Como reliquia, no es gran cosa. Carece de la refinada elegancia del blanco y negro, o de aquel  inconfesable encanto de las fotos cuarteadas, quemadas por las puntas, dobladas o archisobadas, recompuestos sus retazos con pegamento, casi siempre de manera insatisfactoria, burda y apresurada. Tampoco hallaréis, agazapadas en sus entretelas, truculentas historias de intrigas familiares, de literarias envidias y traiciones; ni siquiera la encontré en el compartimento oculto de un secreter, en un solitario y semiabandonado caserón devorado por la hiedra.

Y sin embargo, significa tanto para mí…

El setenta y cuatro languidecía, exhausto, mientras el mercurio se resistía, como casi cada año, a deshacer su abrazo sobre la trimilenaria ciudad de Cartagena.

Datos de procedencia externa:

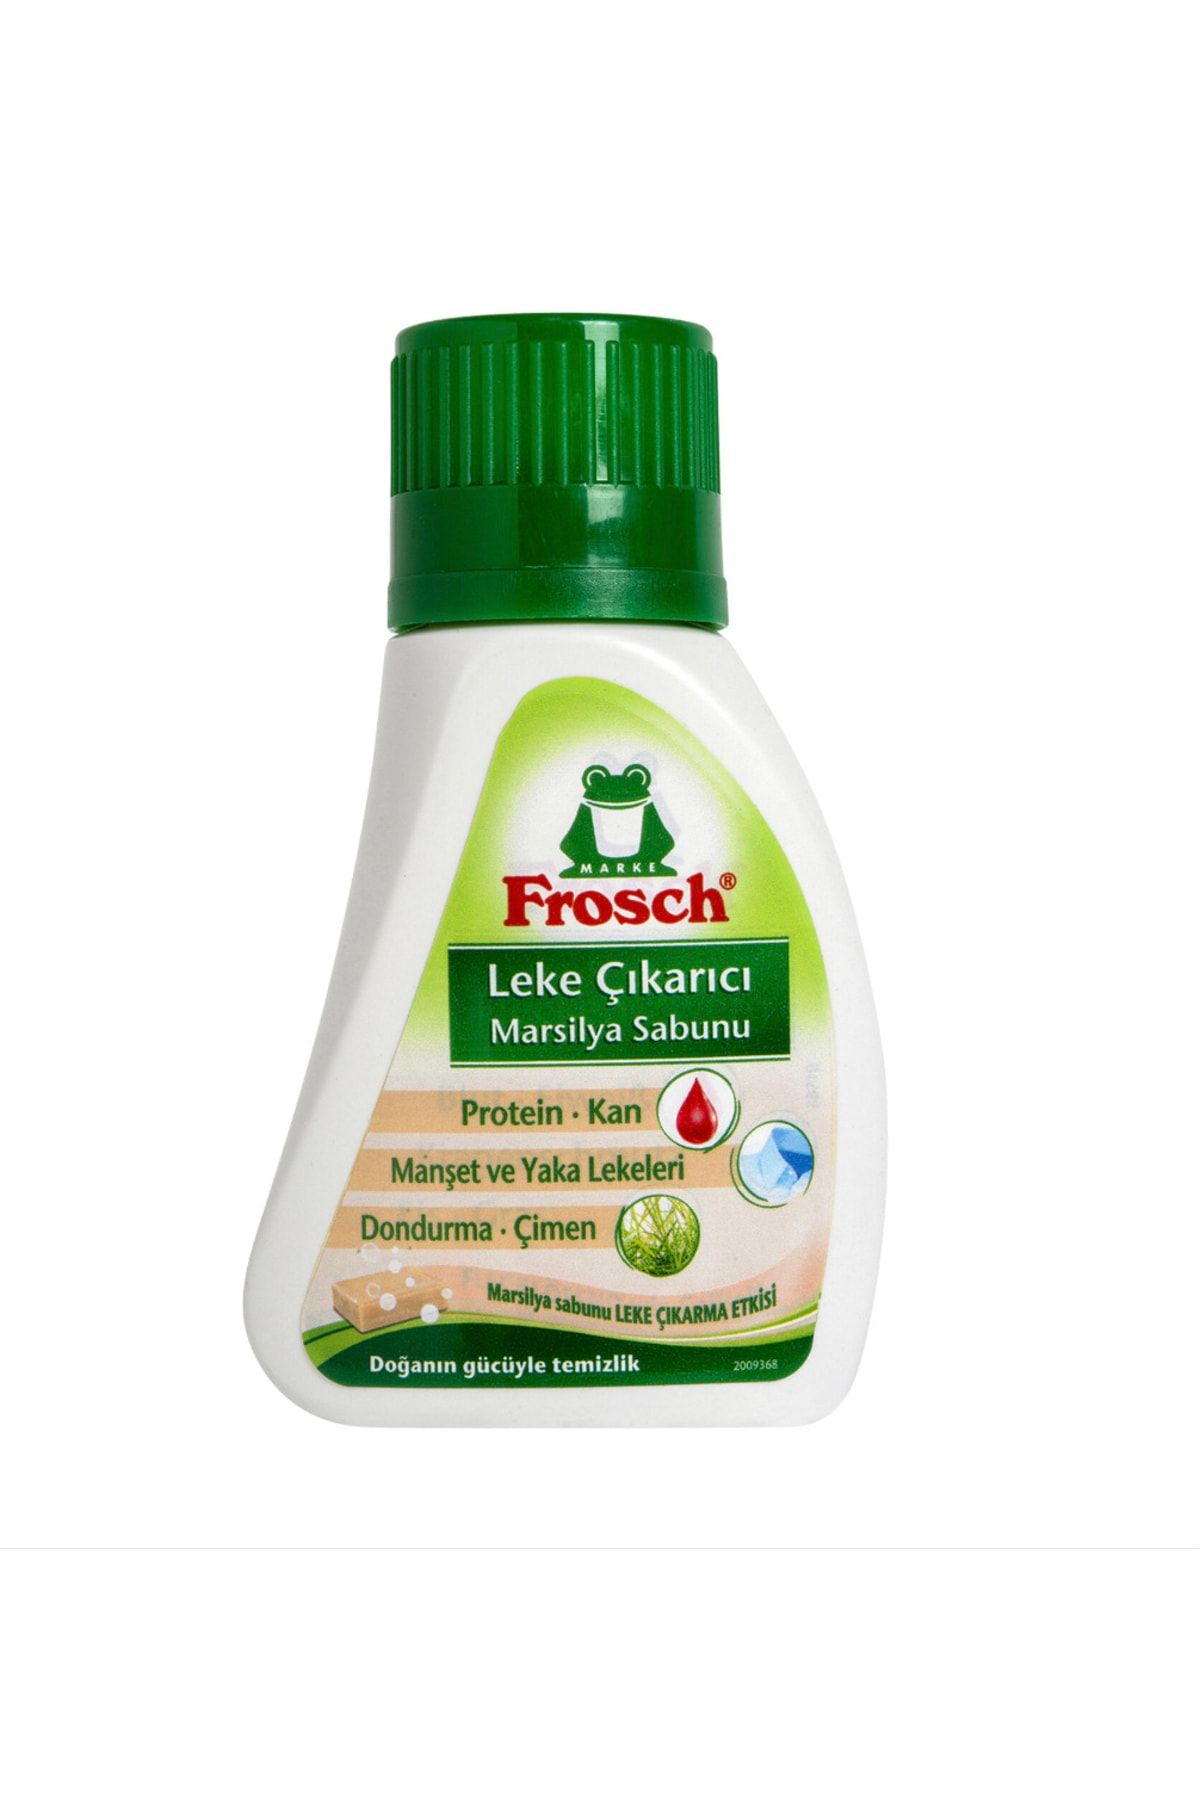 Frosch Leke Çıkarıcı Marsilya Sabunu 75 ml (protein, Kan, Manşet Ve Yaka, Dondurma, Çimen Lekeleri )

En la coqueta iglesia de San Antón, con corbata roja y en la parte superior, contraía nupcias Jesús, el hijo del custodio del cine de Escombreras, con Mari Carmen -me niego a señalaros la ubicación de la novia-, la hija del acomodador de idéntico cine y también en ese mágico y ya desaparecido poblado. Los sonrientes semblantes de mis padres destacaban, con mucho, en el tono general de la instantánea; despuntaba en ellos una actitud exultante, confiada, desafiante a las dentelladas que el destino pudiera reservarles y que, acaso con visionaria certeza, anticipaba la felicidad que aún hoy paladean.

Es una foto de detalles que, tímidamente, llaman a la puerta de los sentidos, para confesar secretos que pasan a primera vista desapercibidos. Como el color negro, que presidía el atuendo de mi familia paterna y manifestaba dolor y respeto por la aún reciente pérdida de mi abuelo Antonio. O el semblante de mis primas: la franca sonrisa de Tomasa, en el centro, y el matiz misterioso, introspectivo y definitivamente interesante en la pequeña Teresa, aferrada a la mano de mi tío Salva, quien sostenía, en primer plano y con asombrosa discreción, un puro quizá aún apagado, que anticipaba momentos de abrazos, bromas y bailes.

Desde la antigüedad el ser humano ha venerado a ídolos, tótems y dioses; actualmente aclamados deportistas, cantantes y actrices se asoman a las puertas del Olimpo. Yo elijo rendir culto a mi familia. A mi madre y mis abuelas, Carmen y Teresa, multiplicadoras de generosidad, atenciones y amor, insustituibles ejes del equilibrio familiar. A mi tríada de superhéroes: mi padre, mi abuelo Bartolo, mi tío Salva. Legendarios capitanes, siempre dando un paso al frente, en primera línea de fuego; íntegros, honestos, incorruptibles y sobre todo valientes. Imposible abrazar mejores referencias.

No me aguardaba, durmiente, en la polvorienta arquimesa de un caserío abandonado, y   nunca destacaría como antigualla. Adolece del sutil atractivo del blanco y negro; no logró mordisquear el rodillo del tiempo sus impolutas esquinas. Tampoco oculta literarias intrigas o enredos rocambolescos. Ni falta que hace, apostillo. En realidad es mucho mejor que todo eso, más entrañable y auténtica. Esta foto es amor, es memoria, es orgullo y añoranza. Sobre el privilegiado mirador de la tele del salón, preside todos mis días, perenne recordatorio de quién soy, de dónde vengo. Mi historia.